Ottawa should also be sending better signals to the business community, Ambrose added, encouraging private-sector investment by backing pipeline projects, holding off on any new taxes and ratifying the Trans-Pacific Partnership agreement.

WATCH: Ambrose: Liberals ‘not a business friendly government’

 

Here are some of the major points from this morning’s fiscal update from the department of finance:

$18.4-billion deficit

The Liberals have been forced to blow through their promised $10-billion deficit ceiling. The deficit spending for the coming year will instead top out at $18.4 billion, the government confirmed Monday. The fall economic update had projected a $3.9-billion deficit for 2016-2017. Getting back to balance by the end of the Liberal mandate, as promised during the election campaign, is also unlikely. The projected deficit for 2017-2018 is now $15.5 billion, more than six times the estimate last fall of $2.4 billion.

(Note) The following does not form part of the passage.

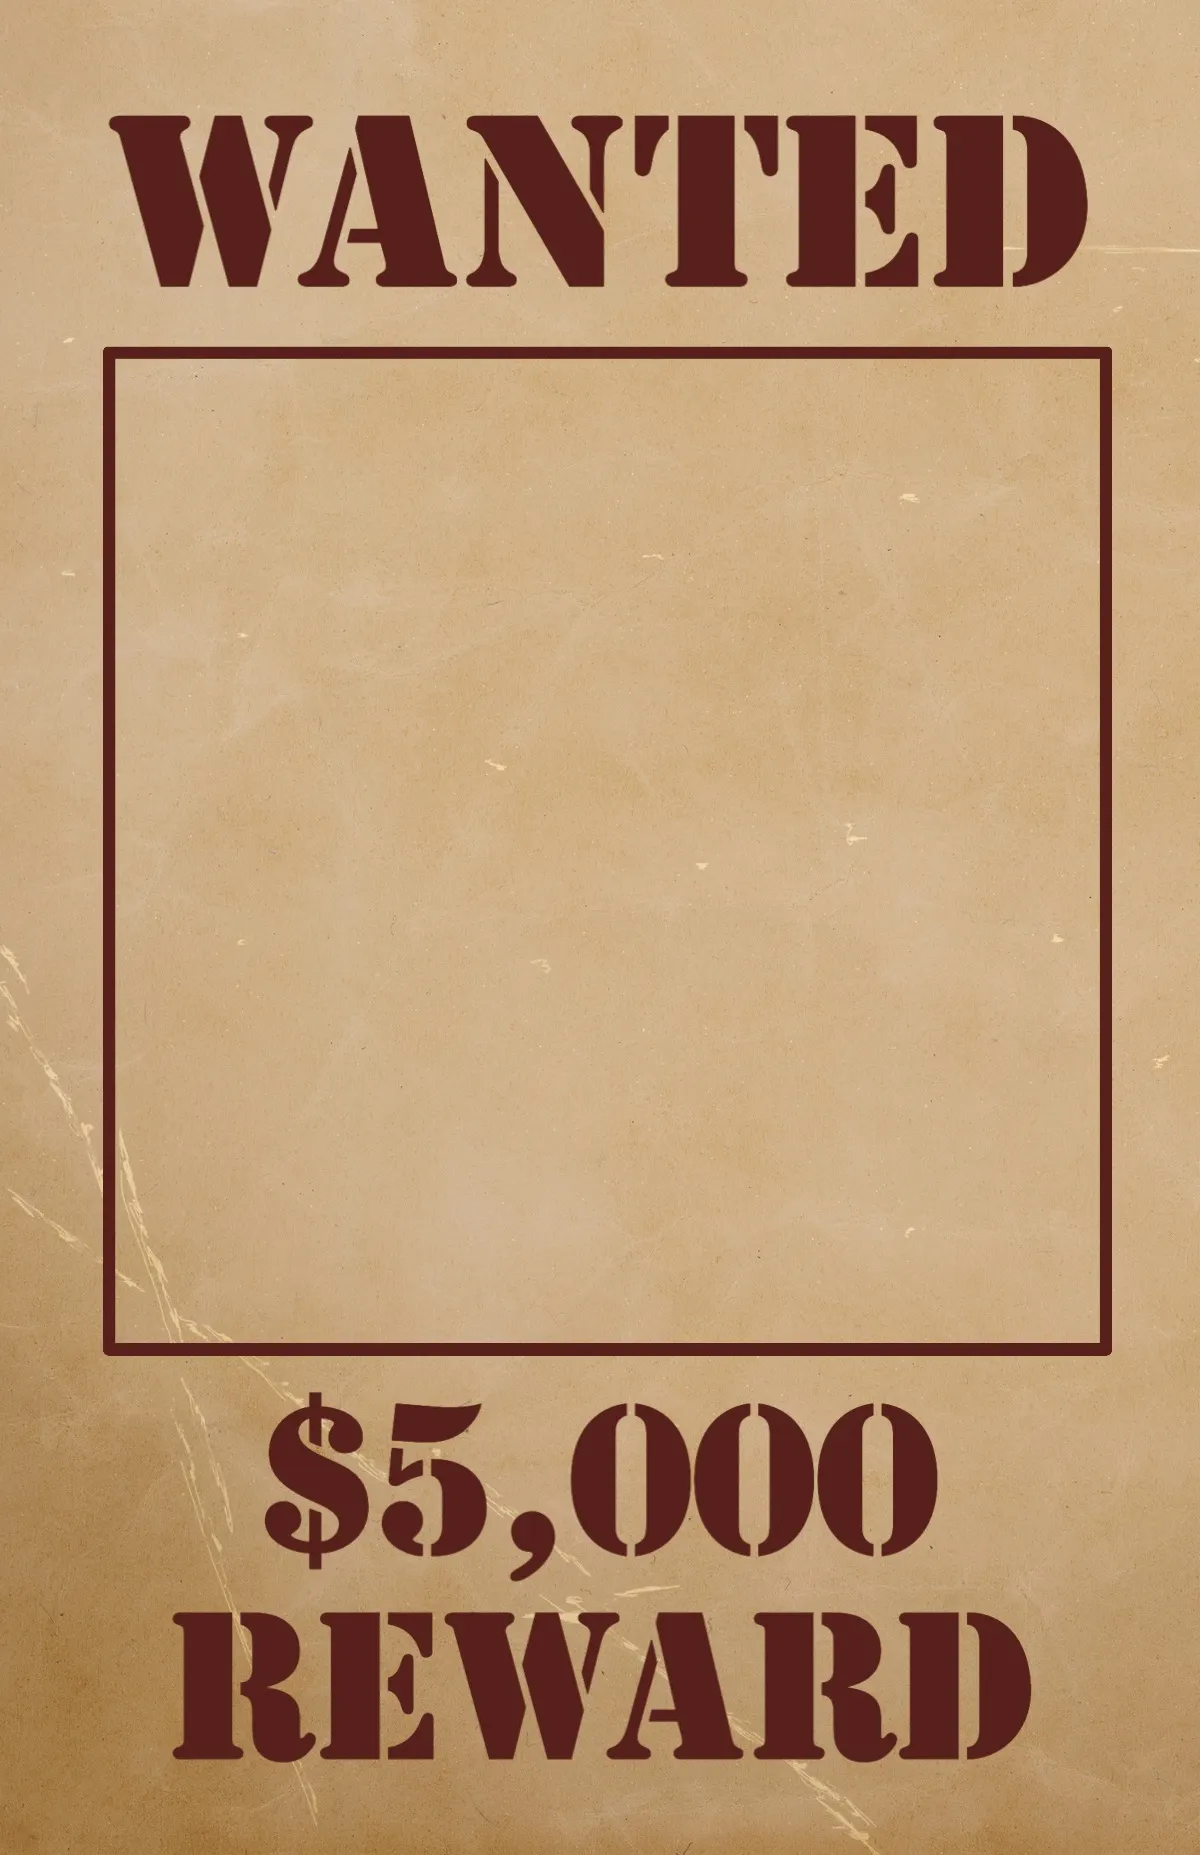 Brown Textured Background Wanted Poster

The budget will be tabled March 22

There had been speculation that the budget would land early in the spring, with the week of March 21 widely predicted to be the most likely contender. The finance department confirmed that March 22 has been chosen as budget day. None of the numbers released on Monday include the measures that will be announced in the budget. These are expected to include several billion dollars in infrastructure spending, which could easily push the deficit over $20 billion.

The price of oil

Private-sector economists are now predicting an average crude price of US$40 a barrel in 2016, down from US$54 in the fall economic update. The downgraded forecast is likely to continue to have significant fallout in Canada’s energy sector.

Gross Domestic Product

GDP growth is forecast to be 1.4 per cent, as compared to two per cent last fall, resulting in a $12-billion loss in government revenue. Morneau said no tax changes are being considered at this time to compensate for the shortfall.